Friday, March 5, 2010

3/5/10

Both the stock and bond markets improved on Thursday, which was nice to see. Both the initial and continuing jobless claims posted week-over-week drops, causing traders to ratchet their estimates for today’s jobs data downward, and pending home sales dropped. Greece began selling 5 billion Euros of 10-yr debt after promising to reduce Europe's largest budget deficit, which included wage cuts that has prompted more protests. Right now, the futures market is pricing in an 86% chance that the Fed keeps rates somewhere between 0% and .25% through June 23rd, 2010. But a rumor swept the markets yesterday that a very large buyer in 4.5% securities moved mortgages relative to Treasury rates. Supply from lenders (read: locks) has increased lately as rates have crept back down.

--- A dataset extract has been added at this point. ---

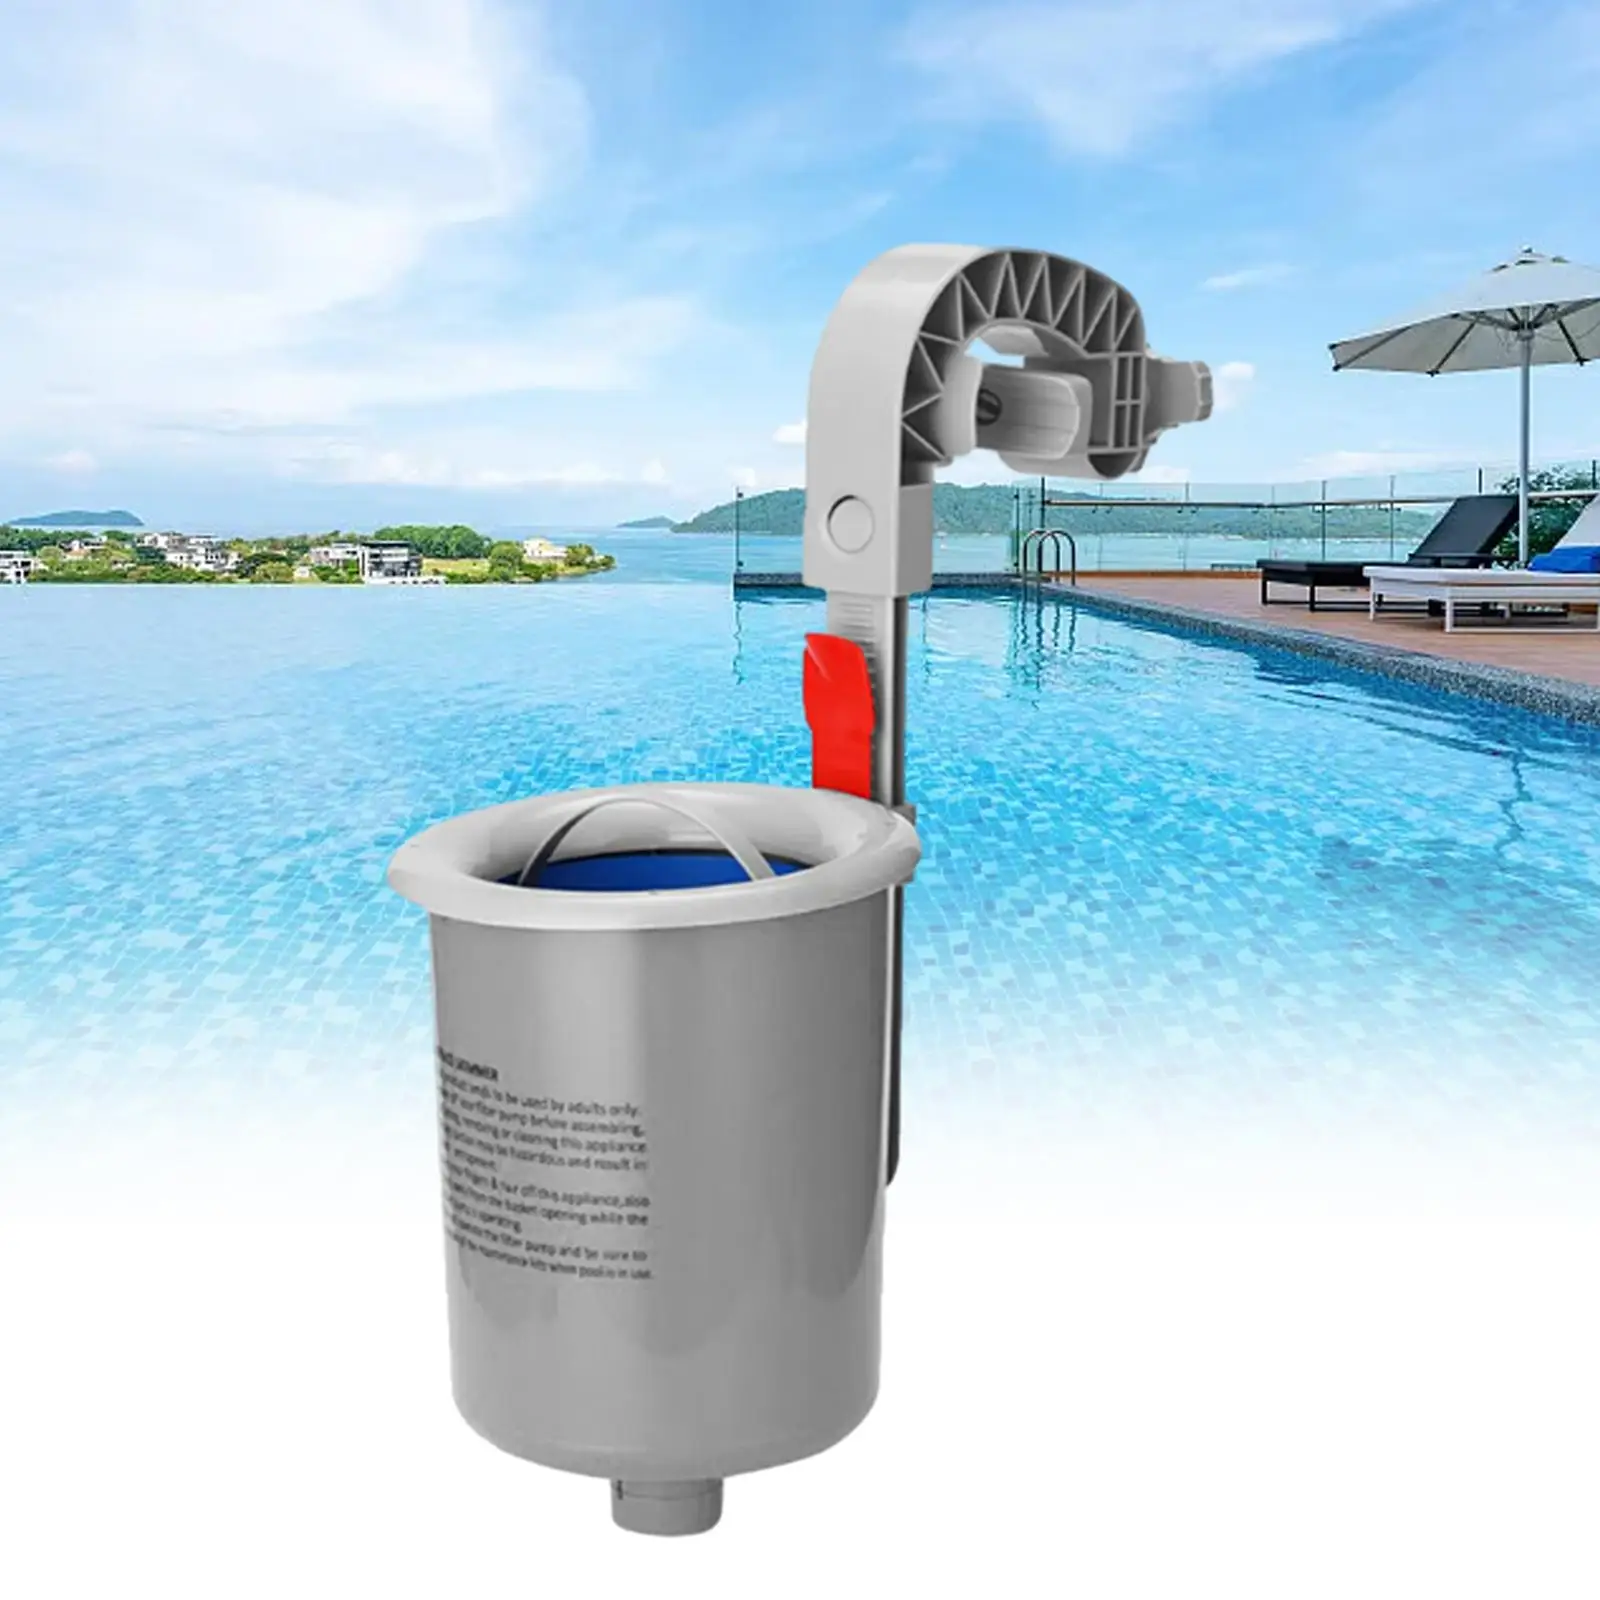 Automatic Pool Skimmer Wall Mount Floating Pool Filter Pool Maintenance Cleaner with Basket Durable Surface Skimmer Leaf

This morning’s news, however, has really moved interest rates initially. Non-Farm Payroll “only” dropped by 36,000, and the unemployment rate held steady at 9.7%. Hourly Earnings were up, and the average workweek was down slightly. Rates shot up on the news, as did the stock markets. Call it a knee-jerk reaction, and sometimes you wonder if the market conveniently forgets that the unemployment rate is still near 10%, but stock market futures did indeed rally on the news, and mortgage prices worsened by upwards of .250 in price.